Ninfomanía y satiriasis, ¿la adicción al sexo es real?
Escrito por: Redacción Playboy

 

Nymphomaniac de Lars von Trier encendió las alarmas del universo moralista al mostrar los encuentros eróticos de una joven adicta al sexo. Para las mentes más abiertas fue un crudo y extraño camino en el oscuro cuarto que puede ser esta manía.

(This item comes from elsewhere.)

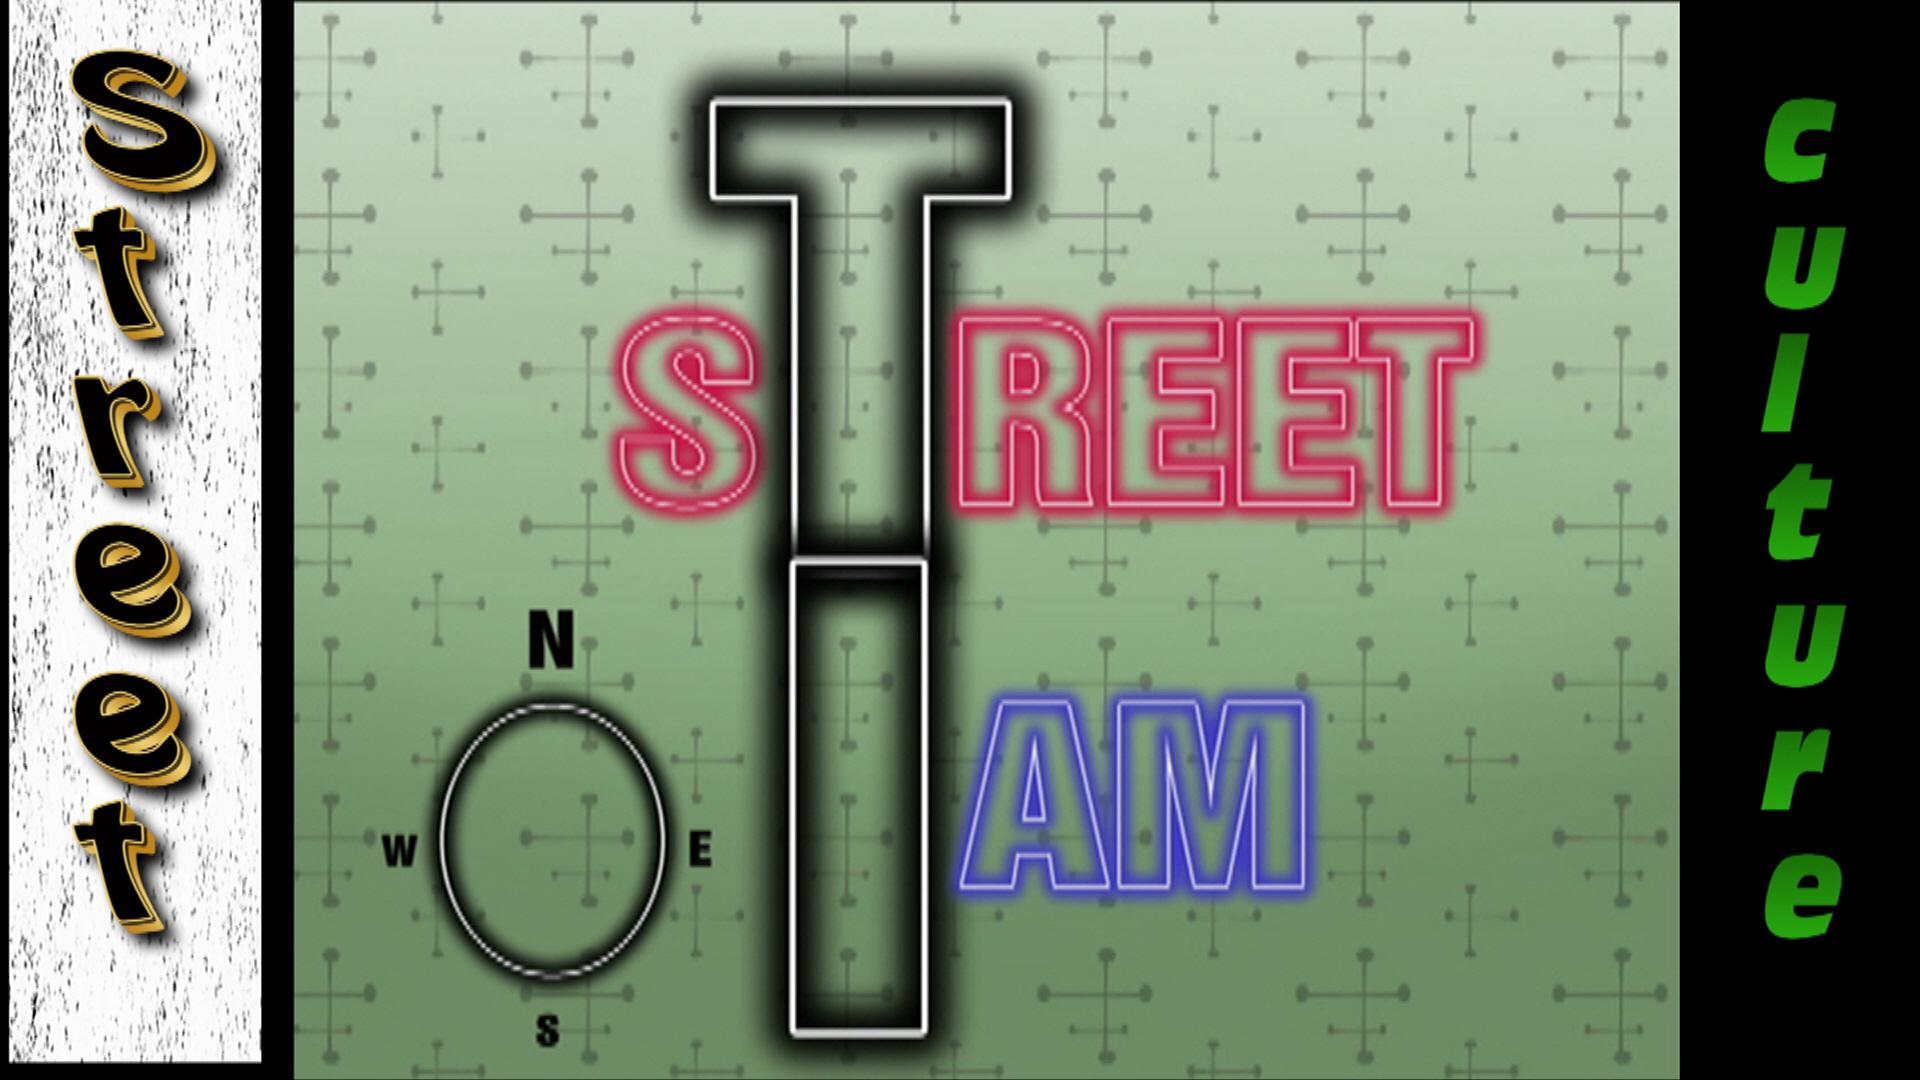 1_street i am_logo.jpg

La condición que inspiró al director danés es retratada a la perfección en una extraña escena. El padre de Joe se encuentra viviendo sus últimos días en un hospital a consecuencia de un agresivo cáncer. La protagonista busca escapar de sus sentimientos negativos y lo logra hacer con encuentros eróticos en las camas de los enfermos. Lo inevitable eventualmente llega y Joe ve morir a su papá; ella derrama una lágrima, pero no nace de su ojo, viene del interior de su falda y recorre sus piernas desnudas.

 

Condiciones reales

La excitación que vive Joe tras ver morir a su padre es extraña para el testigo externo. Anteriormente, el término ninfomanía hacía referencia a las mujeres con exceso de libido, mientras que en los hombres se le llamaba satiriasis; en nuestros días esta condición es conocida como hipersexualidad y sí existe fuera de la mente de un cineasta danés.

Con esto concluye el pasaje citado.